# Computing an average for a data set that contains NULL values

#### Dnelson

##### New Member
Hi all!
We are working on some software that shows the mean for a set of students. Currently, the calculation is being done in a manner that includes the students that haven't yet been graded. I have questioned the logic that our developers used and they have asked me to validate the methodology that should be used.

For example, we have 5 students and only 1 has been graded. On a 1-5 scale, the student received a 5.

The current averaging is calculated as the sum of the scores (5) divided by the number of students (5). So 5/5=1

My understanding is that this should be the sum of the scores (5) divided by the number of scores (1). So 5/1=5

Is there a "right" way to handle this? If so, can anyone point me to an article that explains this so that I can talk further with our development team?

Thanks!
Dan

#### Dnelson

##### New Member
Does anyone have an answer to this? It would be greatly appreciated...

#### noetsi

##### Fortran must die
This is a question that depends on your research definitions. A mean is the sum of the scores divided by the number of units used. If your research question is the mean of those who have been graded than you would add up the scores of those graded (not those who took the test) and divide by the number graded.
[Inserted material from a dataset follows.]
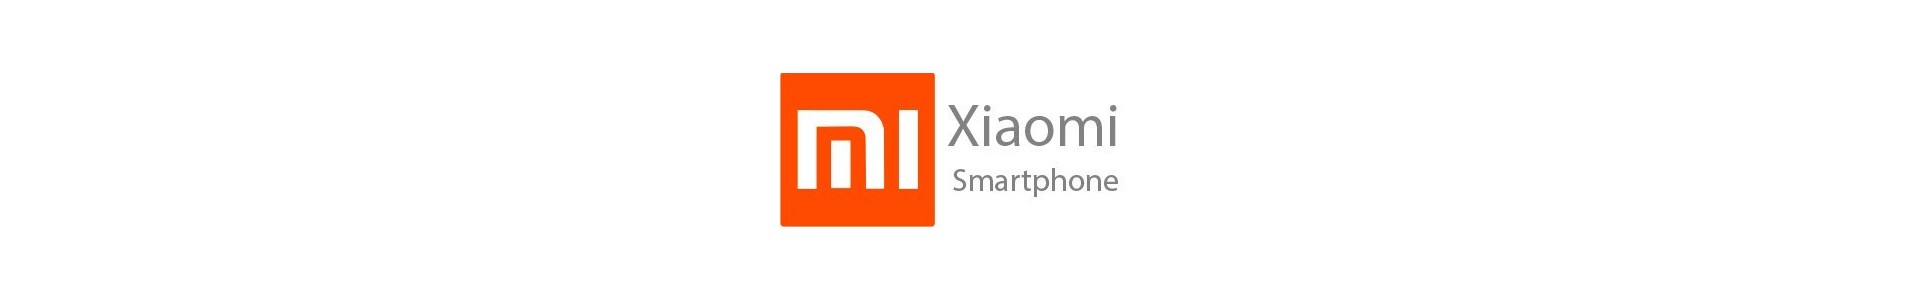 Todos os produtos Xiaomi sempre ao melhor preço na ONDISC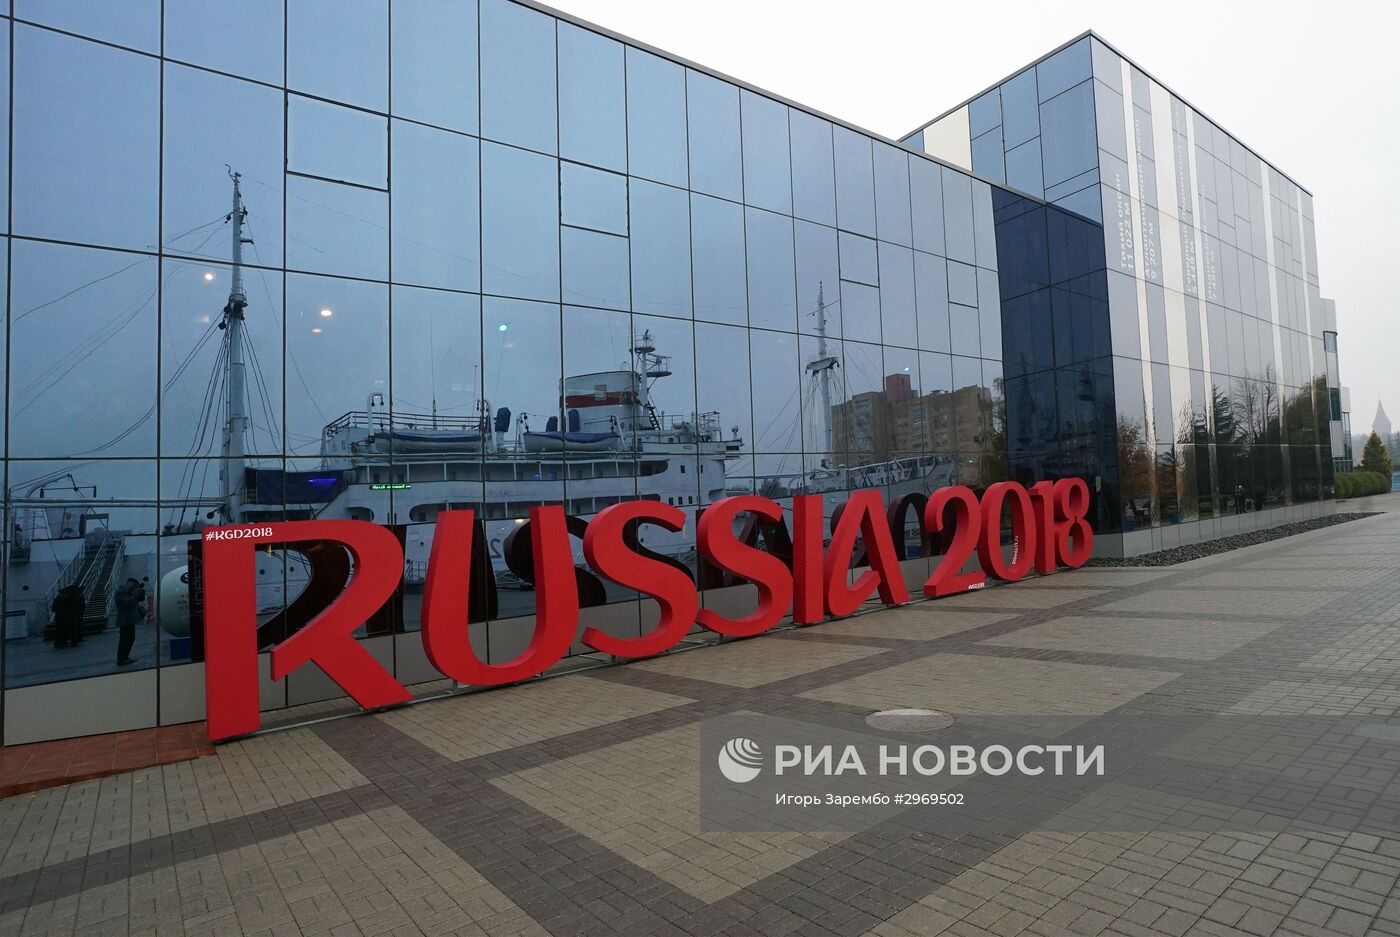 Инсталляция "Russia 2018" в Калининграде

I can't think of any research question that would be validly addressed by adding up the scores of those graded and divide by the number who took the test.

Essentially you are assigning zeros to people who took the test and were not graded if you do what you mentioned above and that does not seem to get at what you want to know (although of course I don't know what your research question is). Many of these students may well score above zero when they are graded.